• **Data listing**:
---*---
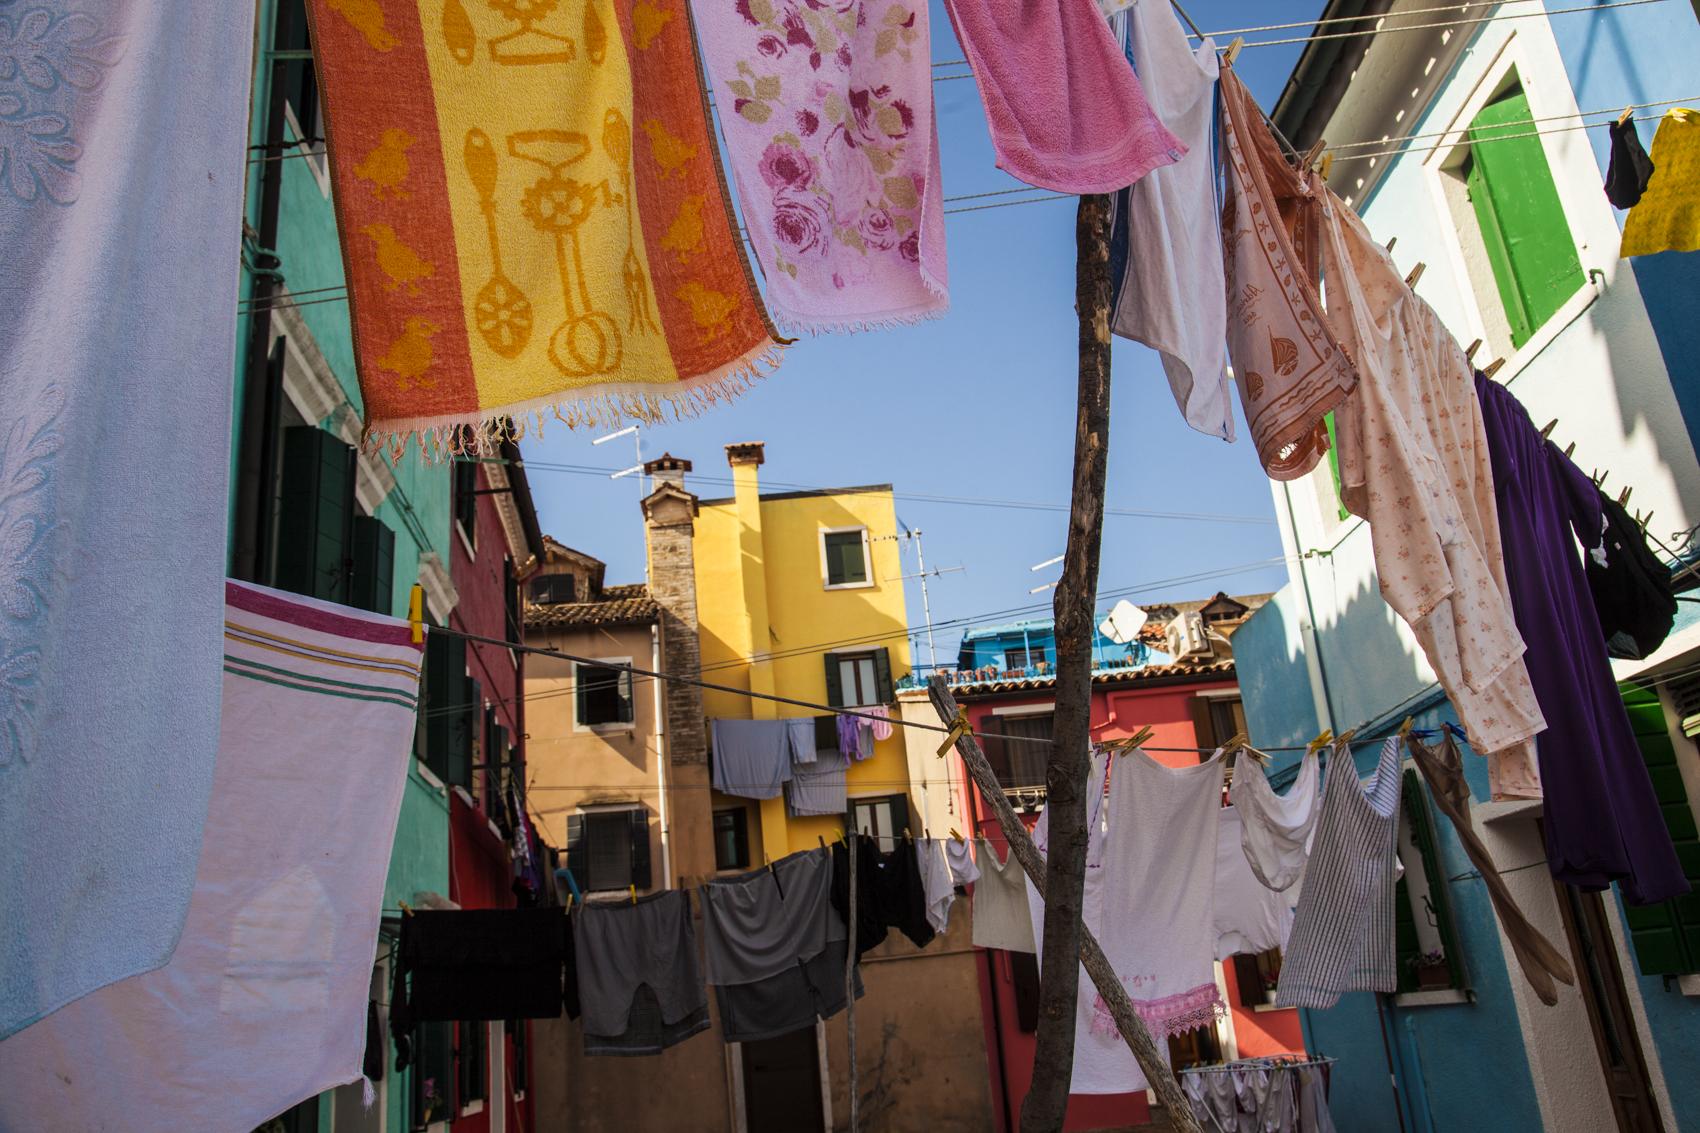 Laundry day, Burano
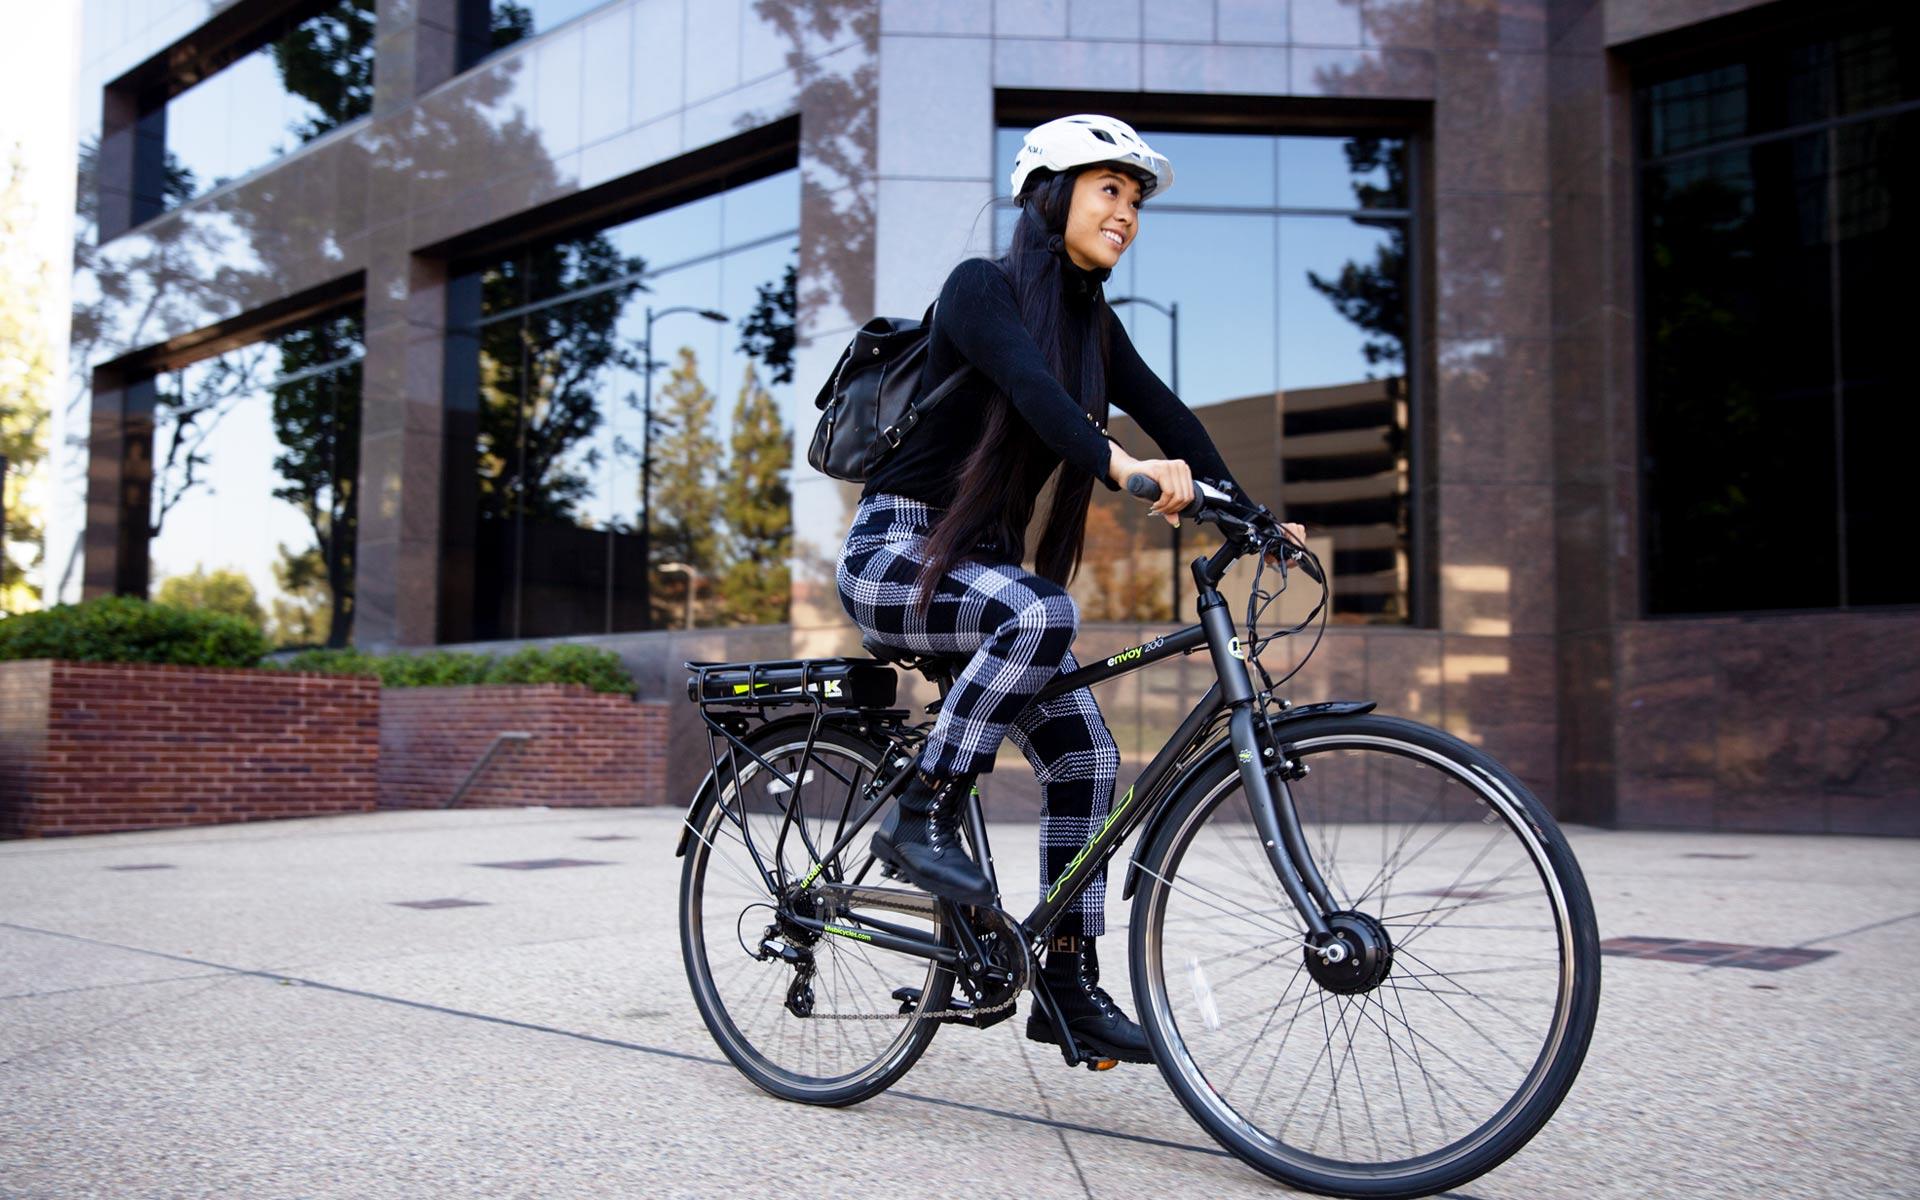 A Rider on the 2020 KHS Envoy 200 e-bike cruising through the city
---*---
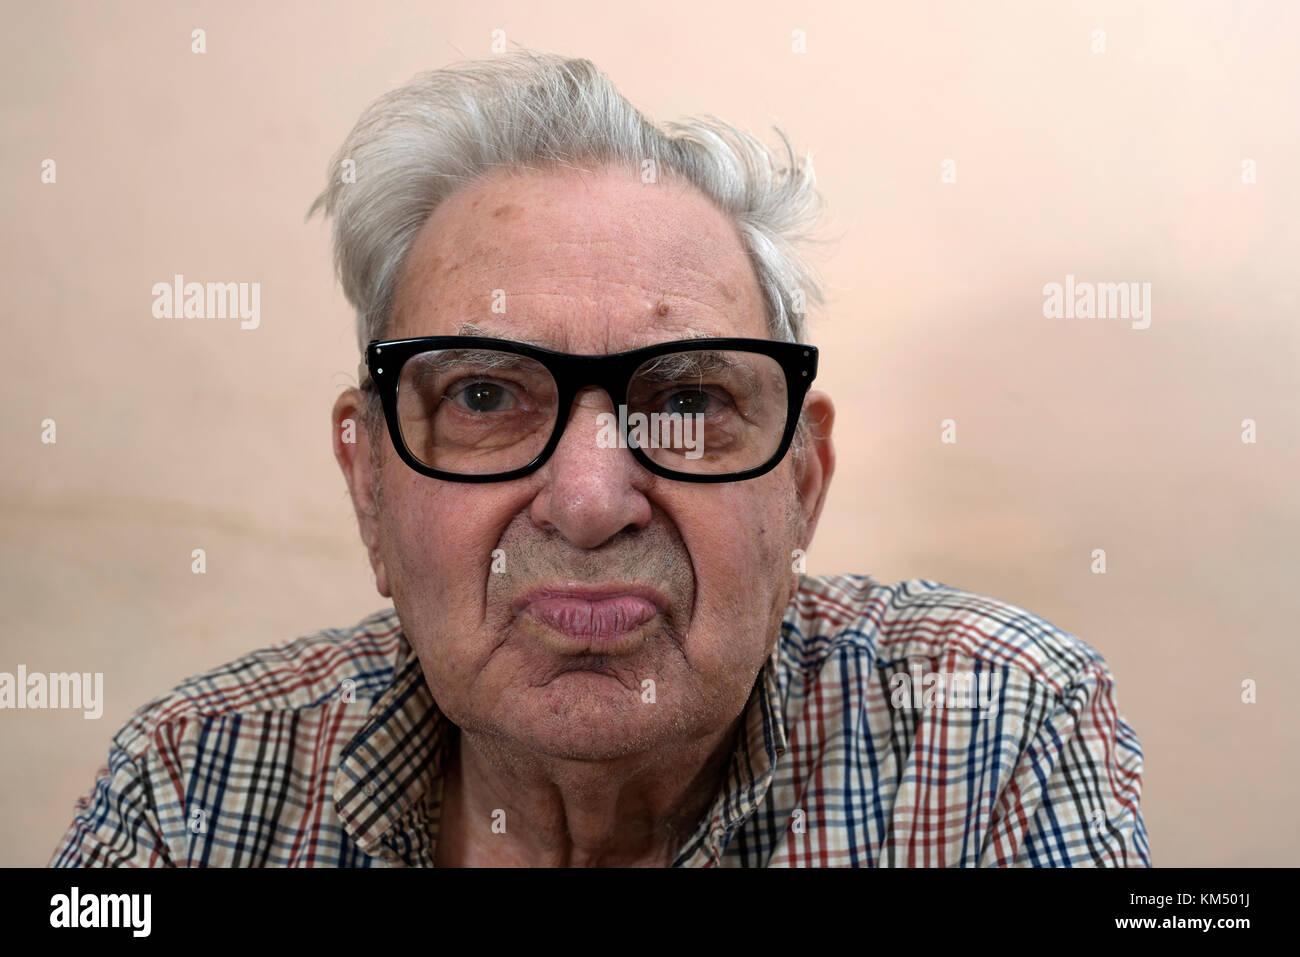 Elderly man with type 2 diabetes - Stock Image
---*---
• **The task**:
In the listing above, find the line containing "Laundry day, Burano" and the line containing "A Rider on the". Print those two lines and every line between them exactly, with no pictures.

• **Response to the task**:
 Laundry day, Burano
 A Rider on the 2020 KHS Envoy 200 e-bike cruising through the city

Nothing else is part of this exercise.